Can't believe I somehow squeezed out 5000 words in 4 1/2 hours. I'm going to hate myself when I have to go back and fill in all those areas where I wrote [put fight scene here]


----------



## Courtney Milan (Feb 27, 2011)

Day 1: 2511
Day 2: 3541
Day 3: 2086
Day 4: 1976
Day 5: 3944
Day 6: 2220
Day 7: 559
Days 8-11: Don't know yet, but at least 4052.
--------------

So, as I said earlier, I was out of town for the last half of the week. I did get writing done, but it was all entirely in longhand and I never had the time to transcribe it at the end of the day. I've been working on that today. I'm about 2/3 done typing stuff in. I don't think I'm actually behind--or, rather, I don't think I will be behind, once I type everything in. But I'm definitely glad I got ahead early, or I'd be playing significant catch up right now.

Total: 20,792 [+ about 6-ish handwritten pages]

Edited to add: I also did a bit of research today. I had to figure out how to transfer shares of stock in a capital company in 1846, and then figure out what the deed stamp would cost. Answer, in case anyone cares to know: 6 pence per 100 pounds of the value of stock transferred, which back then, comes out to .00275%. Whew. Not that bad.

I still have a crapload of research I need to do to figure out where the underlying company needs to be constructing its railway, but hey, we are getting there.


----------



## Colin Taber (Apr 4, 2011)

Day 1 - 2,300  
Day 2 - 300 
Day 3 - 800 
Day 4 - 1,300 
Day 5 - 3,300
Day 6 - 1,300 
Day 7 - 2,000
Day 8 - 1,000
Day 9 - 0
Day 10 - 2,450
Day 11 - 2,250 
Day 12 - 3,300
-------------
Total - 20,300

I might also get some more done tonight, but for now I've promised to go to the store and get some ingredients to make a tasty dinner.


----------



## JRTomlin (Jan 18, 2011)

Spent the entire day at a Highland Dance competition. Didn't write a word. Major catchup day tomorrow.


----------



## David Wisehart (Mar 2, 2010)

Day 1: 4,307
Day 2: 3,909
Day 3: 1,819
Day 4: 802
Day 5: 1,037
Day 6: 0
Day 7: 551
Day 8: 2,406
Day 9: 593
Day 10: 1,022
Day 11: 1,119

Total: 17,165

David


----------



## Tony James Slater (Feb 1, 2012)

Wow, you guys have really kept up with this!
I figured this thread would be a barren wasteland, what with everyone writing like fury to get their words done in time.
Thanks for the welcome by the way, though it already feels eons ago!

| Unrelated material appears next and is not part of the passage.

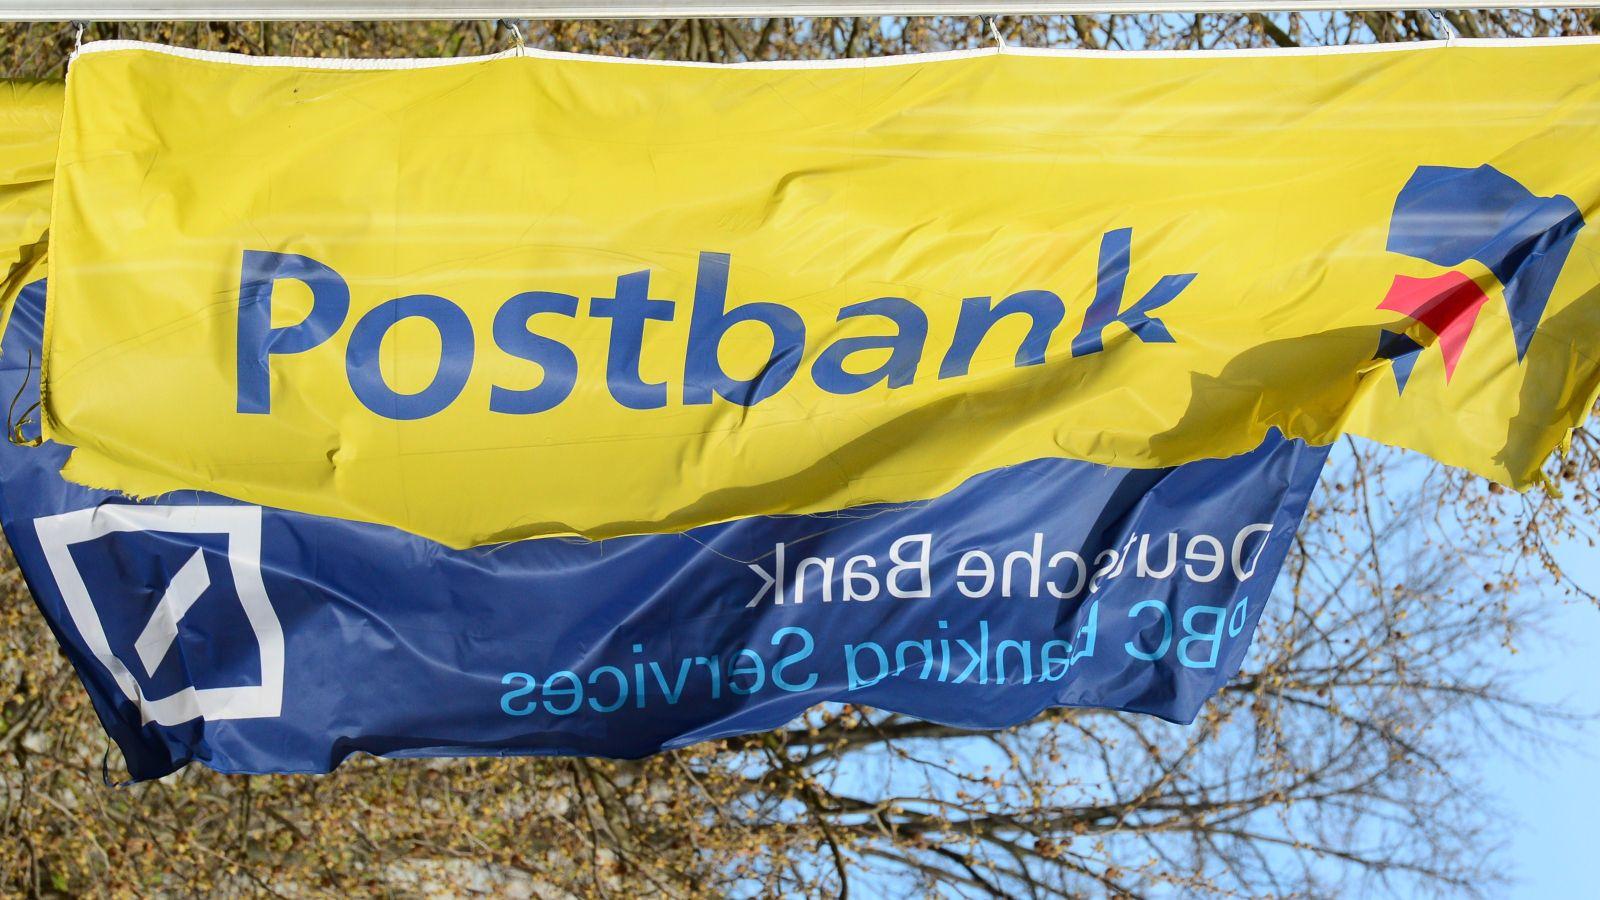 GERMANY-BANKING-STRIKE-POSTBANK-DEUTSCHE-BANK (Kopie)

By pure chance I've kept a tally myself in the same format as you all have, so here it is:

I've been splitting my words between A short adventure (called 'The Grand Adventure') and my second book (called 'That's NOT My Monkey!'). Then I realised I have some blogging commitments, so I decided to hive off a few words for those too. That way I'm not robbing Peter to pay Paul, as my Grandma used to say.
So, ultimate goal:
Grand Adventure - 10k (complete, as already stood @ 10k)
That's NOT My Monkey - 40k (60% complete, as already stood @ 20k)
Assorted Blogging - 10k

Wow. Marvel at my grasp of advanced mathematics!

Here's the chart (I've been meaning to make an Excel spreadsheet for it since Day One, but... time, anyone?!)

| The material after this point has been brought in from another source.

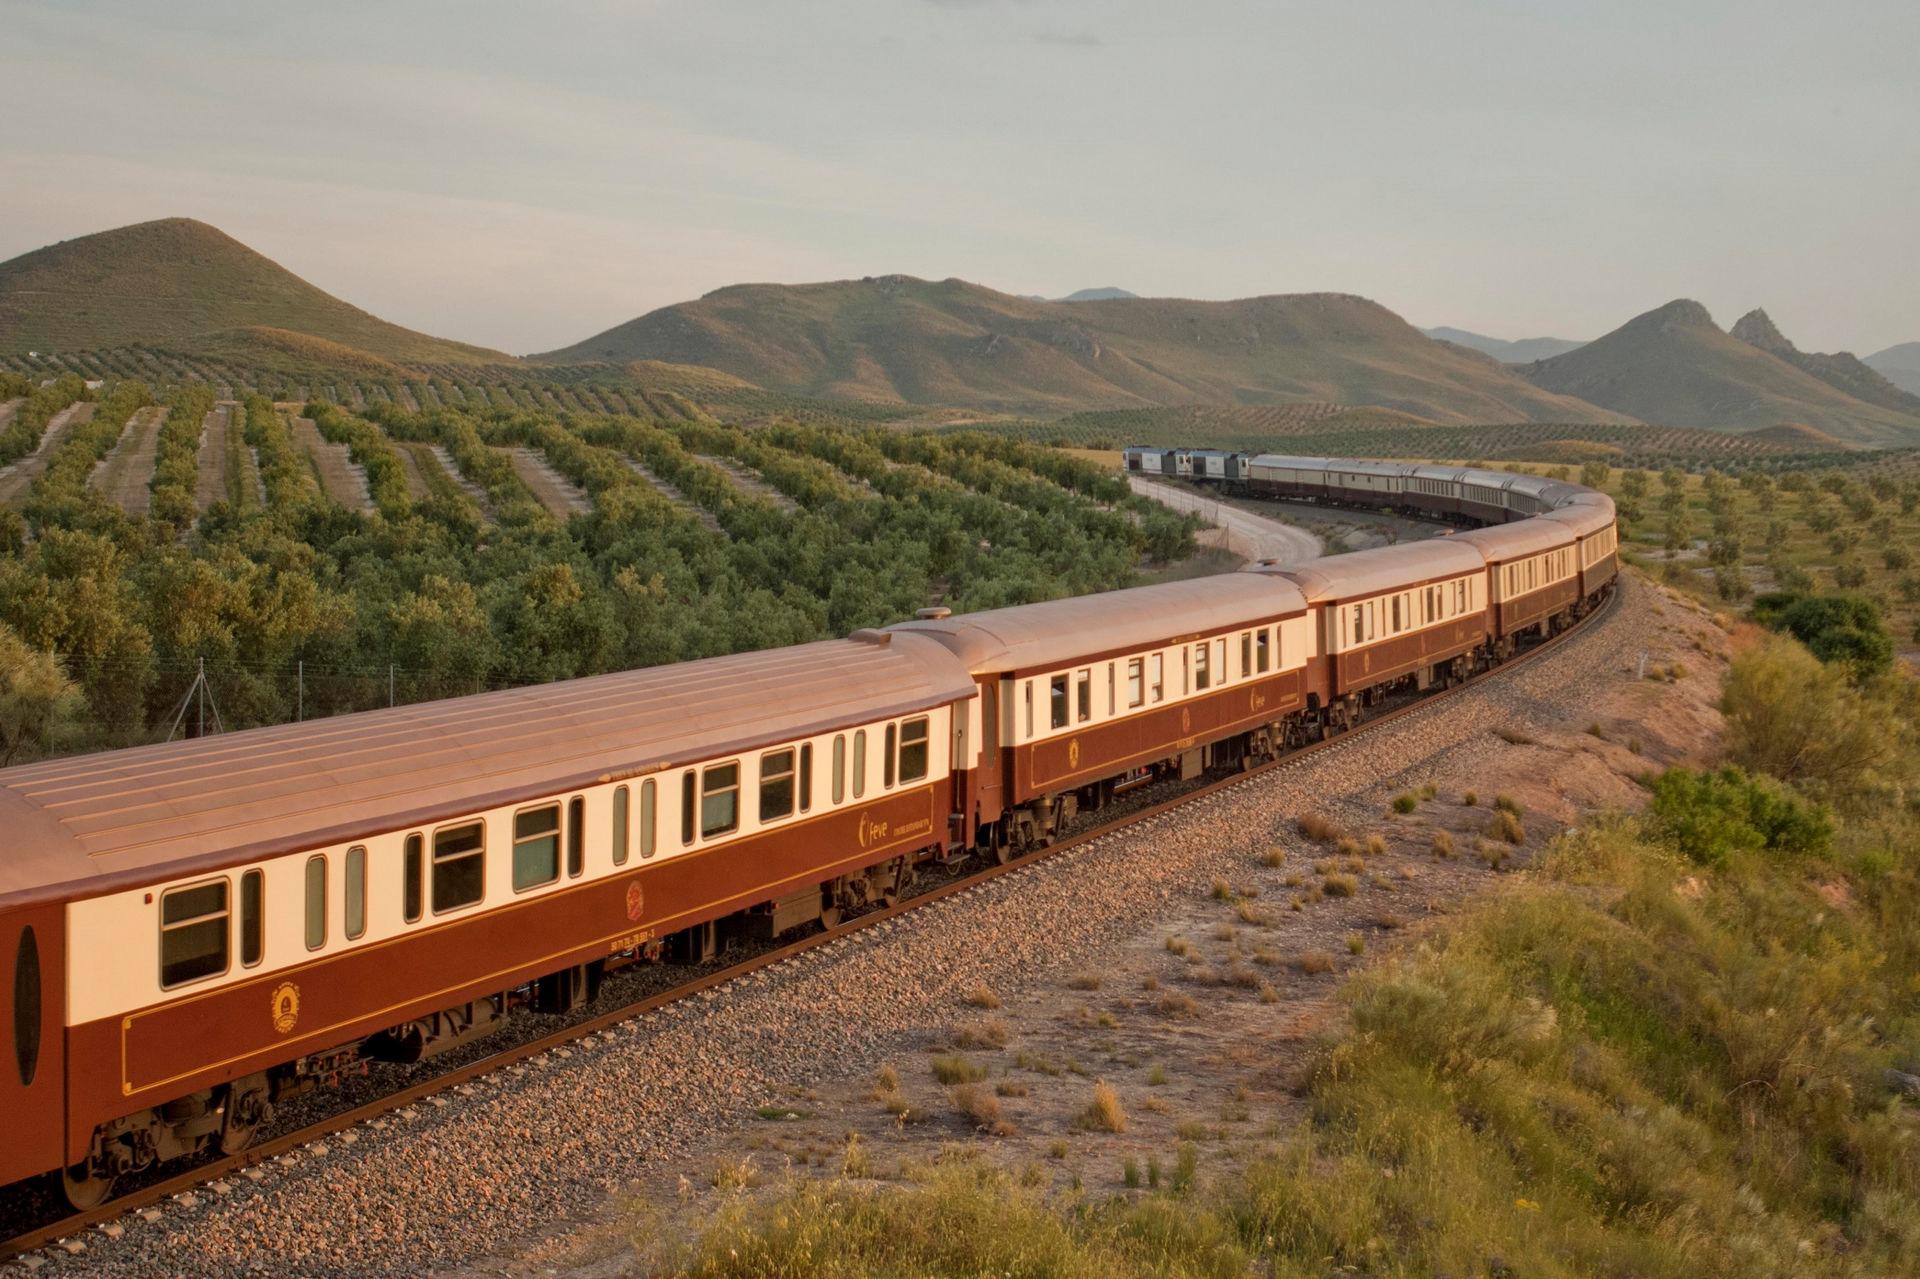 NOMAD-luksusowe-pociągi-w-Hiszpani-Al-Andalus-01

Date Day Total	        Blog GA TNMM	Running Total
1 Feb	  2,305 0 2,305 0 2,305
2 Feb	  3,374 1,179 2,195 0 5679
3 Feb	  1,240 1,240 0 0 6919
4 Feb	  1,043 0 1,043 0 7,962
5 Feb	  2,985 0 2,985 0 10,947
6 Feb	  1,153 0 1,153 0 12,100
7 Feb	    930 930	(On 'other projects'!) 13,030
8 Feb	  1,000 1,000  (On promo of free days!)	14,030
9 Feb	      0 **SCREWED  THE  POOCH** 14,030
10 Feb 2713 829 0 1,884 16,743
11 Feb 1,083 558 (a fantasy story!)	525 17,826

I'm being a bit sneaky and letting myself do other bits and bats, and 'counting' their words against the challenge. But surely that's in the spirit of the law? Regardless, I'm still playing catch-up  
Well, best of luck everyone. I've had my share of difficult days, as most of you have it seems, so I'll be encouraged by your determination. Let's do this, eh!

Tony


----------



## unkownwriter (Jun 22, 2011)

Okay. I haven't checked in for a couple of days, so here's my catch-up post!

Day 1: 900
Day 2: 2647
Day 3: 2186
Day 4: 0
Day 5: 2296
Day 6: 0
Day 7: 667
Day 8: 1115
Day 9: 3047
Day 10: 0
Day 11: 945
Total: 13803

I'm proud of myself for not deleting what I wrote yesterday (like I did once before), even though it feels dry and boring. Seriously, it's crap. But I can fix it. Who's idea was it to have two characters in a museum, anyway? 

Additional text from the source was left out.